Identifiers
- Organism: Drosophila melanogaster
- Symbol: sev
- UniProt: P13368

Search for
- Structures: Swiss-model
- Domains: InterPro

= Sevenless =

Gene in Drosophila eye development

Sevenless (sev) is a gene in the fruit fly Drosophila melanogaster that encodes a receptor tyrosine kinase protein essential to the development of the R7 photoreceptor cells in the Drosophila embryonic eye. The Drosophila ommatidium contains 8 distinct retinula or R cells, each of which has a different spectral sensitivity. The R7 photo receptor, located in each of several ommatidia in the fly's compound eye, is used to detect ultraviolet light. The R8 photoreceptor contains an activator of the RTK (receptor tyrosine kinase) for on a precursor R7 cell, called the bride of sevenless (BOSS).

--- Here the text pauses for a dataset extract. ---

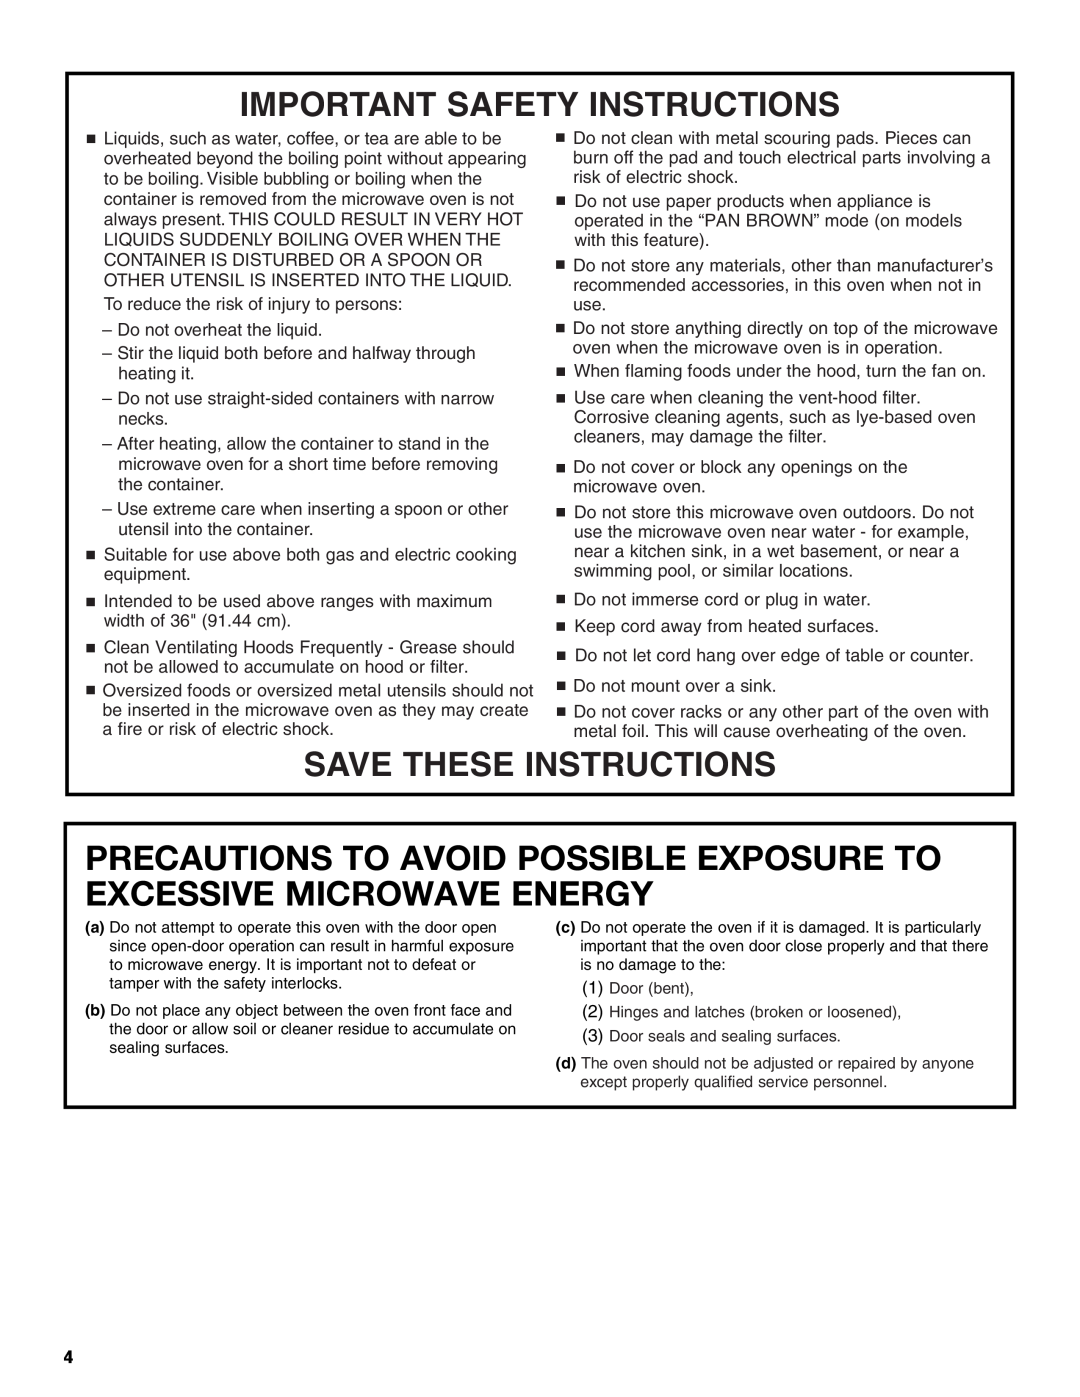 Whirlpool GH6208XR Precautions To Avoid Possible Exposure To Excessive Microwave Energy, Important Safety Instructions

The binding of BOSS to sevenless stimulates a complex series of reactions involving the RTK (sevenless), MAP kinases, Ras and many more molecules to differentiate that precursor R7 photo receptor to a fully functional R7 photo receptor that can see UV light. Much of this knowledge was gained by examining flies with a mutant sevenless which still produced a fully functional R7 photoreceptor when a dominant Ras was injected into the mutant R7 precursor.